Urinary sugars (fructose, sucrose and their sum) were skewed to the right and log2-transformed, as were the ratios of urinary sugars to urinary nitrogen and estimated sugar intake to estimated protein intake. We used the ratios of estimated total sugars to protein intake or urinary sugars to urinary nitrogen to investigate the effect of sugars while controlling for dietary composition. Models with uncalibrated urinary fructose, uncalibrated urinary sucrose or estimated protein intake and BMI and obesity risk were adjusted for age and sex. Associations with BMI were investigated using linear regression models; OR for obesity (as estimate of risk) was estimated using logistic regression. Urinary nitrogen or estimated protein intake was included in the models to control for protein intake as a contributor to energy intake. P<0.05 was used as threshold for statistical significance.

Results

Study population characteristics and description of the analytical sample are shown in Table 1 and S1 Table. Complete data on age, sex, BMI, waist-to-hip-ratio and 24h urine volume were available for 298 women and 200 men (n = 498). Due to missing samples or insufficient volume, not all samples could be analysed for urinary biomarkers; data on urinary sugars and nitrogen are available for 261 women and 173 men only (n = 434).
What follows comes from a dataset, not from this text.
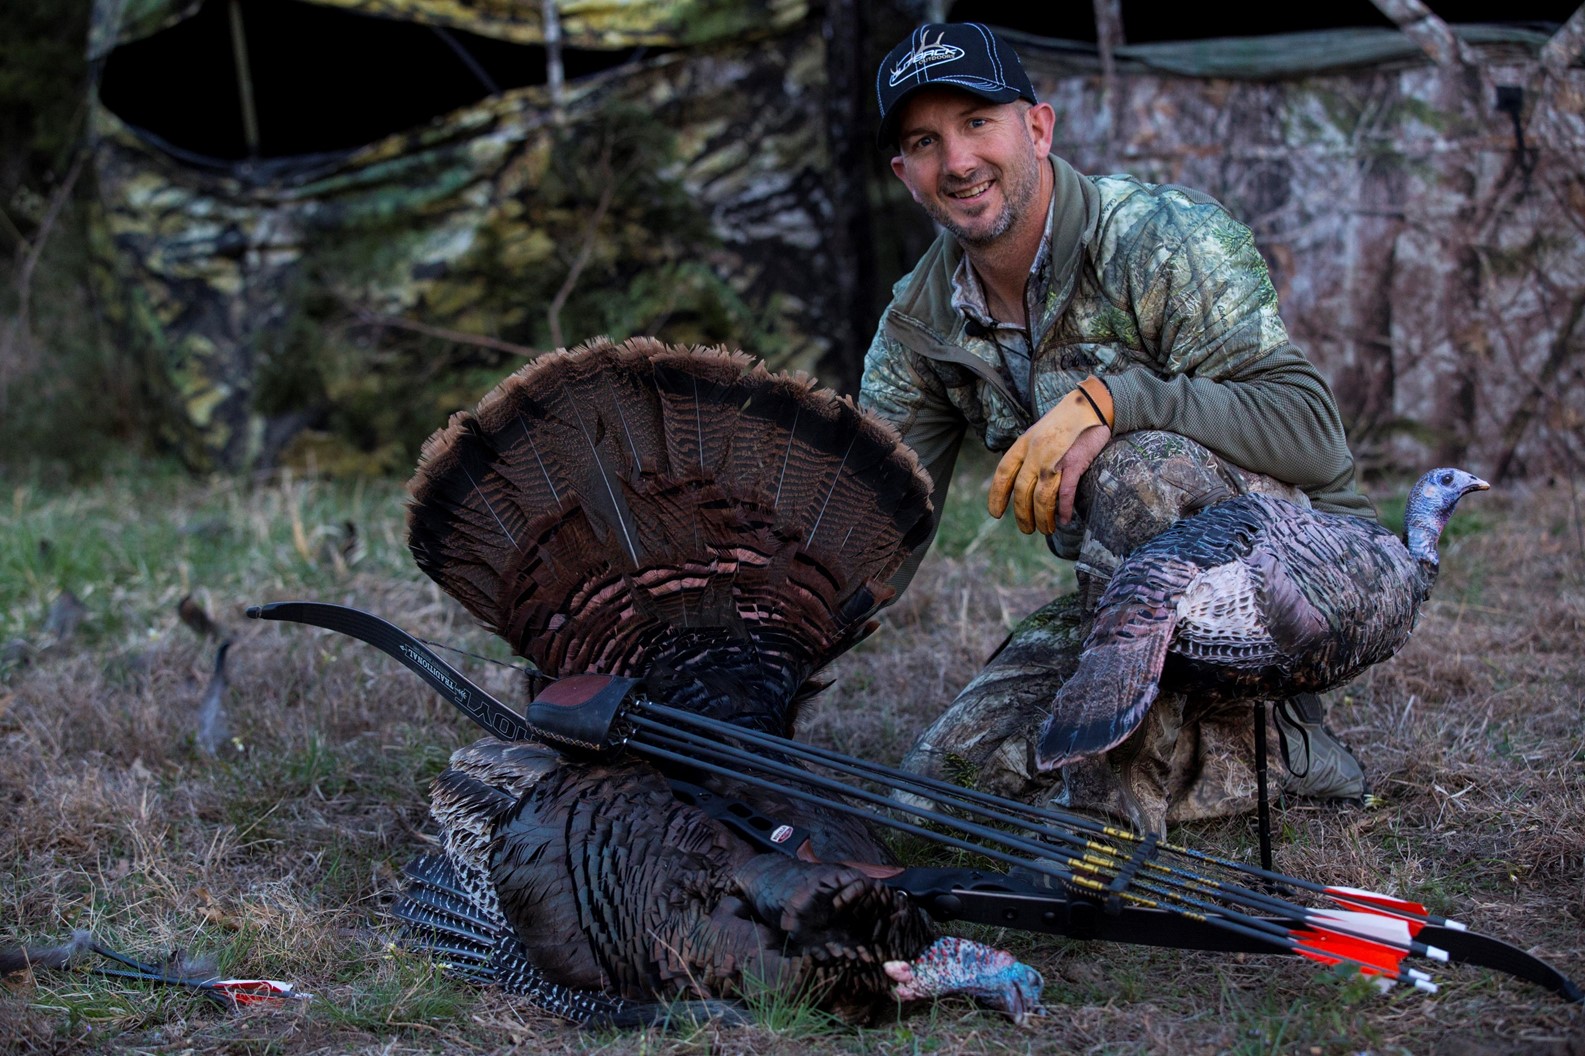 Hunter with Turkey and Broadheads

The distribution of estimated dietary sugar intake (median 144 g/d, range 0–2777 g/d) was skewed right with some extremely high values. We have therefore truncated the data at the 95th centile of estimated intake (527 g/d). The remaining sample included 247 women and 165 men (n = 411). Participants in the top 5th centile (14 women, 8 men) were older (mean age 50.6 years vs 44.8 years, t-test: p = 0.024) and had a higher excretion of sucrose (247 mg/d vs 36.4 mg/d, t-test: p<0.001) and fructose (84.9 mg/d vs 22.3 mg.d, t-test: p<0.001) than those in the remaining sample. There were however no statistically significant differences in BMI, waist circumference, waist-to-hip ratio or protein intake.
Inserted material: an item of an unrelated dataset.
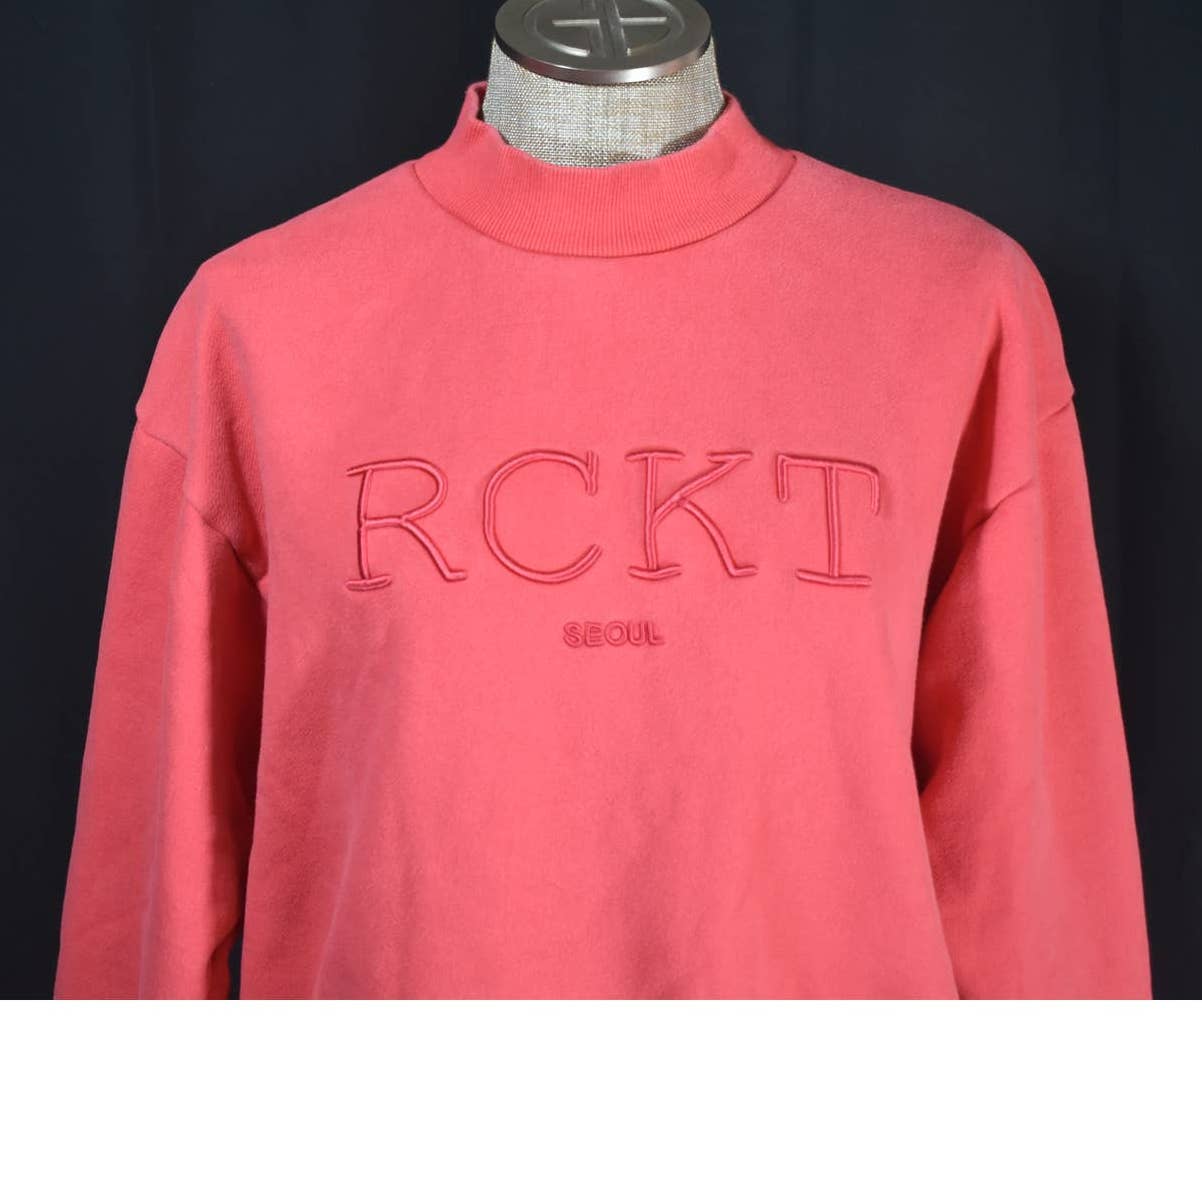 Rocket X Lunch Pink Cropped Mock Neck Oversized Sweatshirt - S

Associations between estimated intake, measures of obesity and odds for obesity

Estimated total sugars and protein intake were positively associated with BMI, waist circumference and waist-to-hip ratio, both independently (Table 2) and when combined in the same model (Table 3 and Fig 1). They were also positively associated with odds for obesity when using waist-to-hip-ratio as the obesity marker. However, associations were weaker for BMI and waist circumference. Significant associations were observed only for estimated protein intake (both independently and in the combined model, using estimated sugar and protein intake) and estimated sugar intake when using BMI as the obesity marker, and only for estimated sugar intake in the combined model when using waist circumference. In Supplemental material, we report findings on uncalibrated 24-h urinary sucrose and fructose, and 24-h urinary protein, rather than biomarker-based estimates of sugars and protein intake, respectively, in relation to BMI, waist circumference, waist-to-hip ratio (S2 Table) and odds for obesity (S3 Table).

Table 2

Associations between biomarker estimated total sugars and protein intake and BMI (β and 95% CI per 10 g) and odds for obesity risk (OR and 95% CI per 10 g) for each compound intake independently (univariate models).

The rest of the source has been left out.